He studied at the Central School of Speech and Drama in London but left in 1979 to form a youth theater that performed at schools and clubs. His screen career began in the early 1980s, with small roles in movies like “Oxford Blues” and “The Killing Fields,” and in “The Sun Also Rises,” a mini-series based on Ernest Hemingway’s novel.
Mr. Sands’s other roles included a photographer in “The Killing Fields” (1985), an entomologist in “Arachnophobia” (1990), Louis XIV in “Vatel” (2000), Jor-El, Superman’s father, in two episodes of the television series “Smallville” (in 2009 and 2010), and a sadistic farmer in the Czech film “The Painted Bird” (2019), an adaptation of Jerzy Kosinski’s 1965 novel about a homeless and abused boy during World War II.
“I was drawn to ‘The Painted Bird’ because of its unflinching, stark but ultimately redemptive consideration of human endurance,” Mr. Sands told the website Moviemaker in 2020. “The bleak hinterland of war-torn Eastern Europe is as beautiful and moving as it is disturbing and grotesque.”
Mr. Sands appeared onstage occasionally and earned a Drama Desk nomination in 2013 for his one-man show, “A Celebration of Harold Pinter,” Mr. Sands performed the show, which was directed by John Malkovich, at the Irish Repertory Theater in Manhattan in 2012 (and again in 2016) and took it to Houston; Sarasota, Fla.; East Lansing, Mich.; and other cities over the course of several years.

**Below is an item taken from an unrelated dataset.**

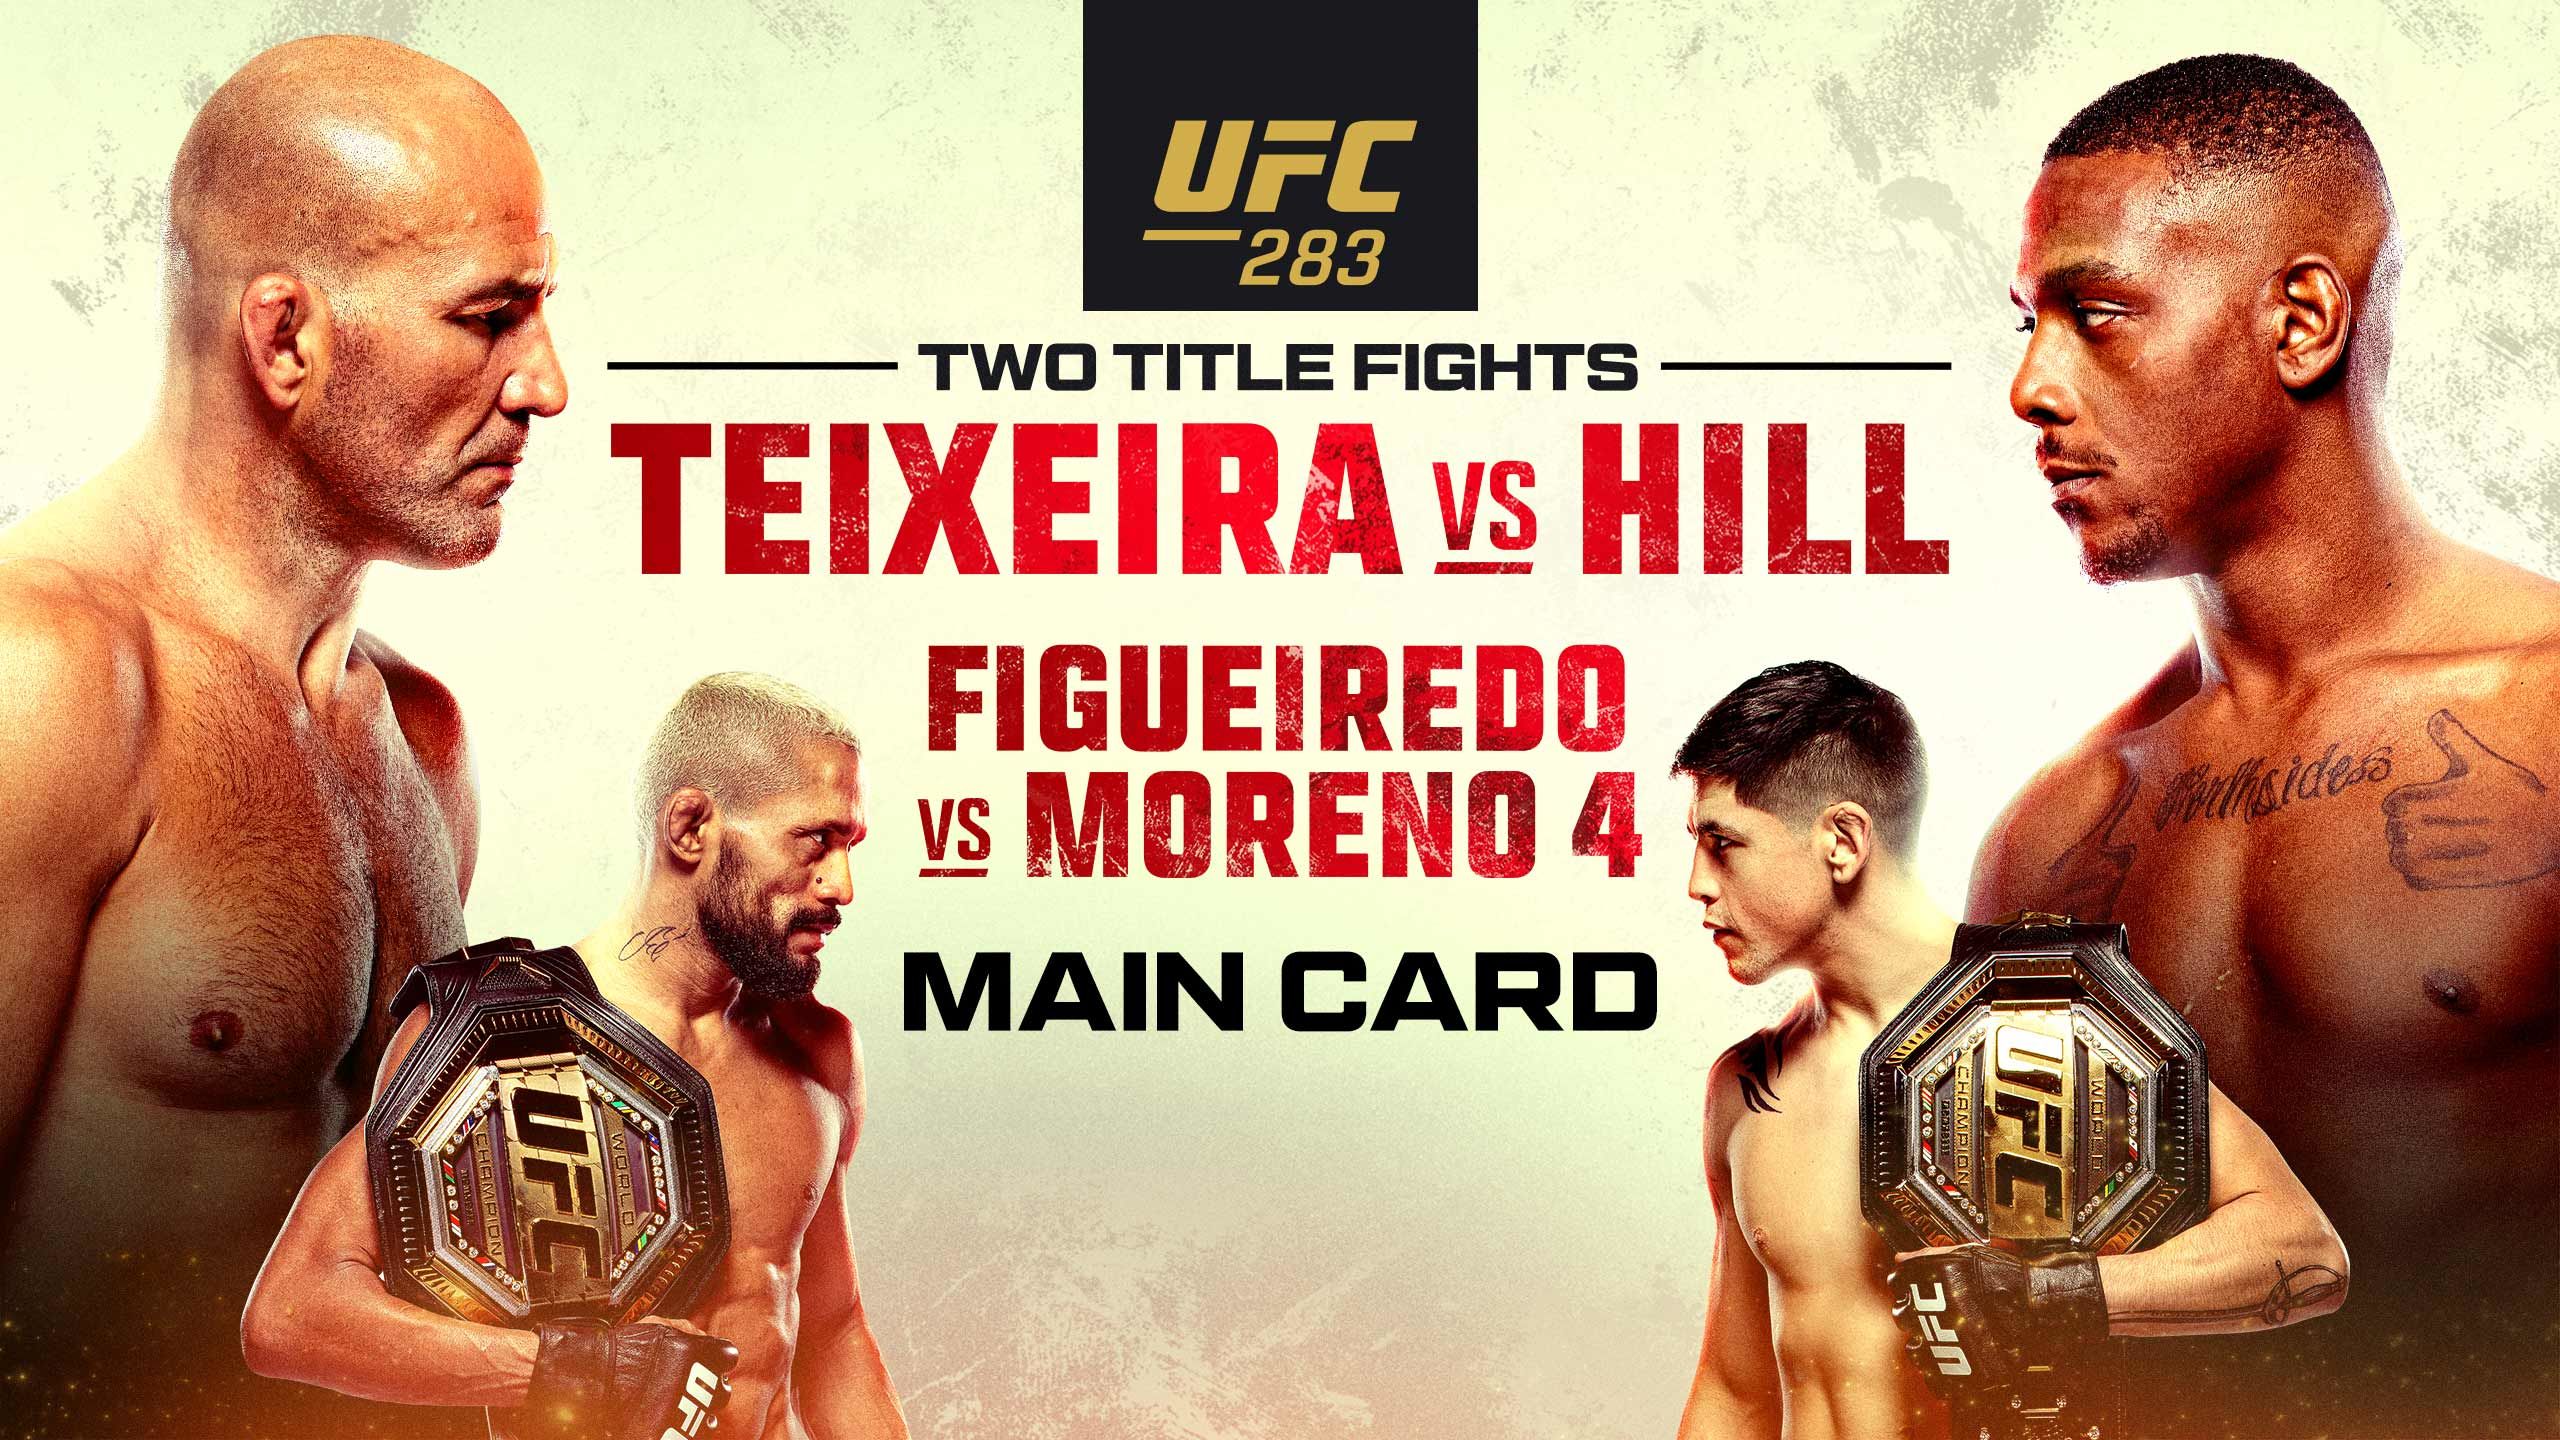 Full UFC 283 card Teixeira vs Hill

The focus was not on Pinter’s plays but his poetry. Mr. Sands, who had known Pinter since 1987, stepped in for the ailing playwright at a reading of his verse in England in 2005; they remained close until Pinter’s death three years later.
“I’ve called it in the past a ‘Homeric evening of theater,” Mr. Sands told The Washington Post in 2015, “because it’s me, in a pool of firelight, with the audience gathered around the fire, at a shamanic level.”